Need help to Identify which Eminence Legend speaker these are ?



















Any one know ?


----------



## vadsy (Dec 2, 2010)

anything on the side of the magnet or the cage or the cone?


----------



## Frenchy99 (Oct 15, 2016)

vadsy said:


> anything on the side of the magnet or the cage or the cone?


Nothing...

The magnet has a big rubber covering, looked inside and nothing on the magnet.


----------



## Frenchy99 (Oct 15, 2016)

Cone reads 12781 1900 on the inside.

are these what they call modeling 12`s ?


----------



## jbealsmusic (Feb 12, 2014)

Looks like an older model Legend. There was a time when they used that one sticker for the whole Legend lineup, so you can't really tell which is which without more info. What is the magnet diameter and speaker depth (front of basket to back of magnet)?


----------



## Frenchy99 (Oct 15, 2016)

jbealsmusic said:


> Looks like an older model Legend. There was a time when they used that one sticker for the whole Legend lineup, so you can't really tell which is which without more info. What is the magnet diameter and speaker depth (front of basket to back of magnet)?


Magnet is 5 1/2 inch
Depth is about 5 inch

They are 16 ohms each if that helps.


----------



## jbealsmusic (Feb 12, 2014)

Frenchy99 said:


> Magnet is 5 1/2 inch
> Depth is about 5 inch
> 
> They are 16 ohms each if that helps.


I would lean towards Legend 125-series. 12516 if they are 16-ohm. They were discontinued in recent years, as Eminence seems to be getting rid of most options that aren't 8-ohm. The 1258 is the 8-ohm version of the same speaker, and would give you an idea of the specs.


----------



## Mooh (Mar 7, 2007)

Call Q Components in Waterloo, they’re the dealer I use with complete satisfaction.


----------



## Frenchy99 (Oct 15, 2016)

jbealsmusic said:


> I would lean towards Legend 125-series. 12516 if they are 16-ohm. They were discontinued in recent years, as Eminence seems to be getting rid of most options that aren't 8-ohm. The 1258 is the 8-ohm version of the same speaker, and would give you an idea of the specs.


Thanks !

Very weird not having anything on them...


----------



## jbealsmusic (Feb 12, 2014)

Frenchy99 said:


> Thanks !
> 
> Very weird not having anything on them...

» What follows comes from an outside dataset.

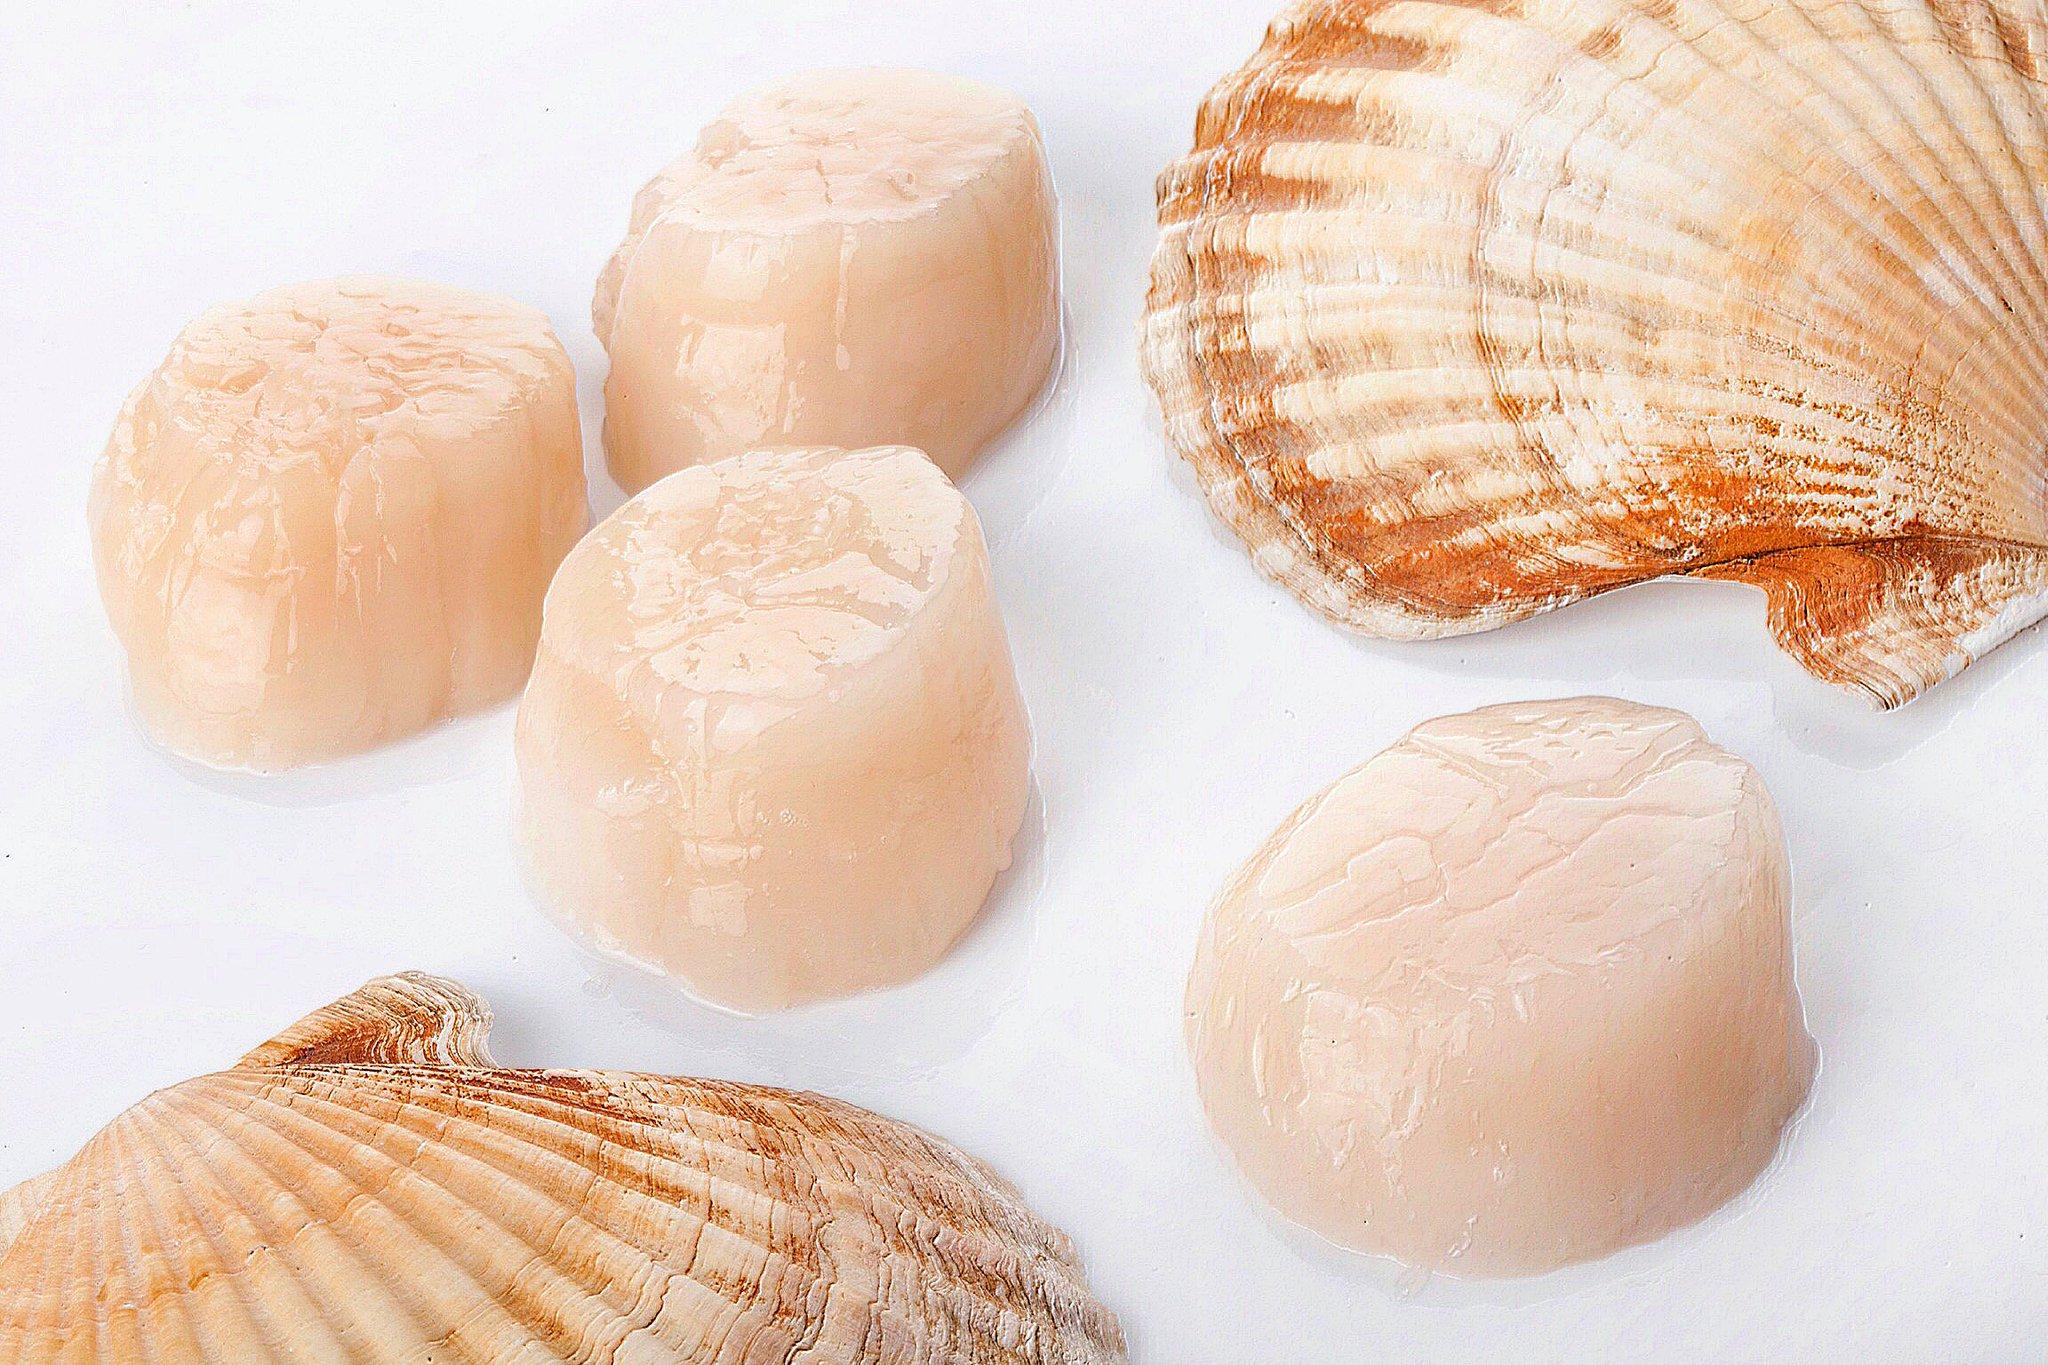 Морской гребешок – что это такое, рецепты приготовления на гриле и мангале, жареного, отварного и тушеного
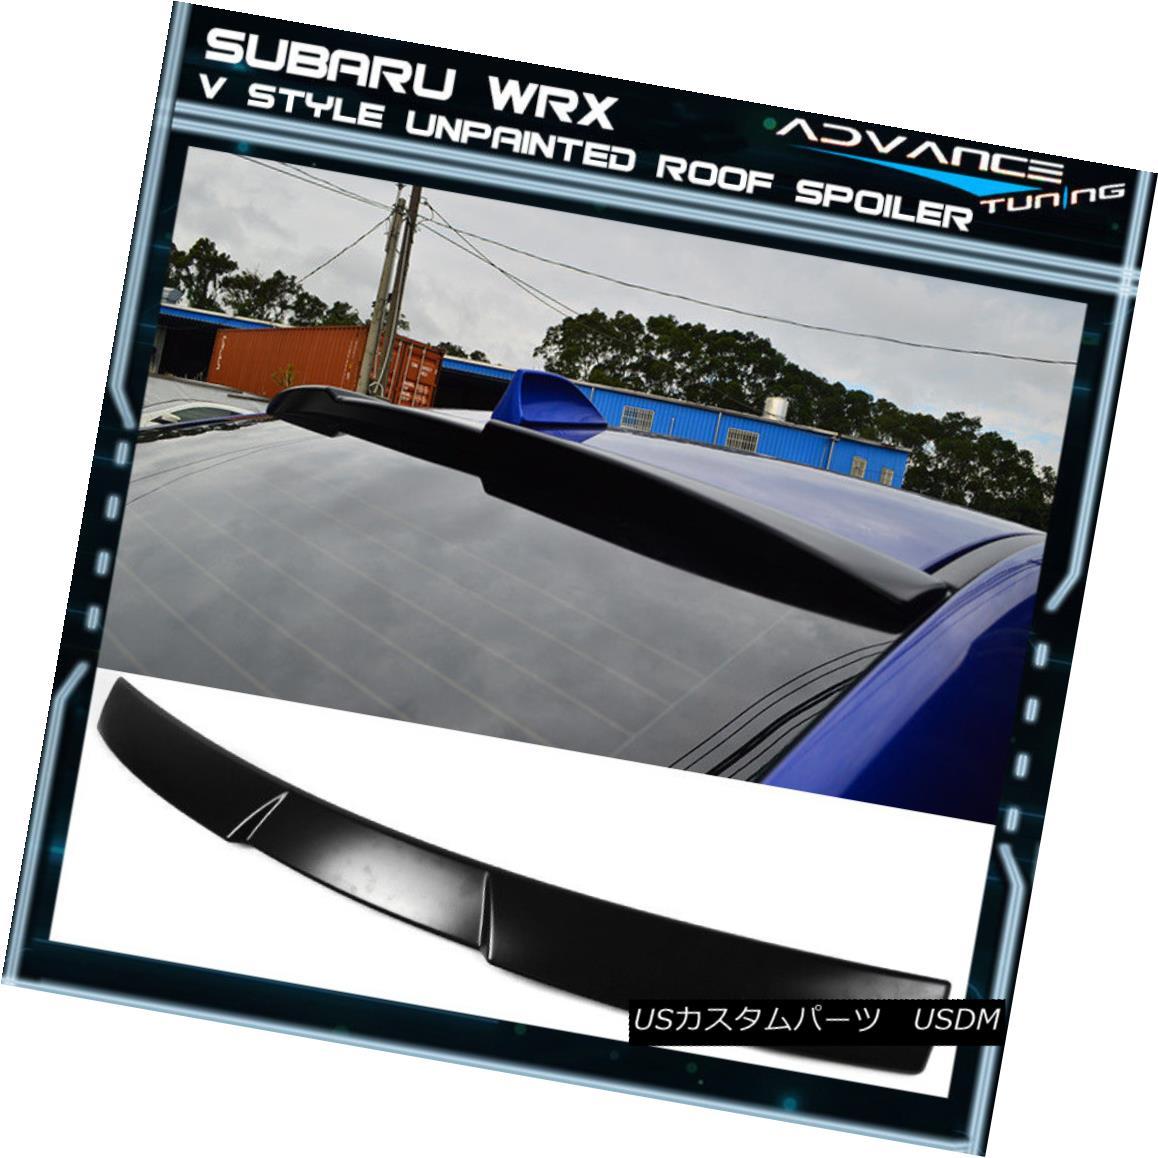 エアロパーツ Fits 15-18 Subaru Impreza WRX STI V Style Unpainted Roof Spoiler - ABS フィット15-18スバルインプレッサWRX STI Vスタイル無塗装ルーフスポイラー - ABS

If you have a multimeter handy, what does the DC resistance measure?


----------



## Frenchy99 (Oct 15, 2016)

jbealsmusic said:


> If you have a multimeter handy, what does the DC resistance measure?


13.2 each


----------



## jbealsmusic (Feb 12, 2014)

Frenchy99 said:


> 13.2 each


Sadly, you'd have to contact Eminence directly for assistance then: [email protected]

That number doesn't really jive with any of the models from my database. Though, my database only goes back 5 years. That said, without a proper sticker on the magnet or basket, I'm not sure you'd be able to get a proper answer. Wish I could be of more help!


----------



## Frenchy99 (Oct 15, 2016)

jbealsmusic said:


> Sadly, you'd have to contact Eminence directly for assistance then: [email protected]
> 
> That number doesn't really jive with any of the models from my database. Though, my database only goes back 5 years. That said, without a proper sticker on the magnet or basket, I'm not sure you'd be able to get a proper answer. Wish I could be of more help!


Big thanks for the help !

Real stupid of them not to put numbers on these... What were they thinking ???


----------



## jbealsmusic (Feb 12, 2014)

Frenchy99 said:


> Big thanks for the help !
> 
> Real stupid of them not to put numbers on these... What were they thinking ???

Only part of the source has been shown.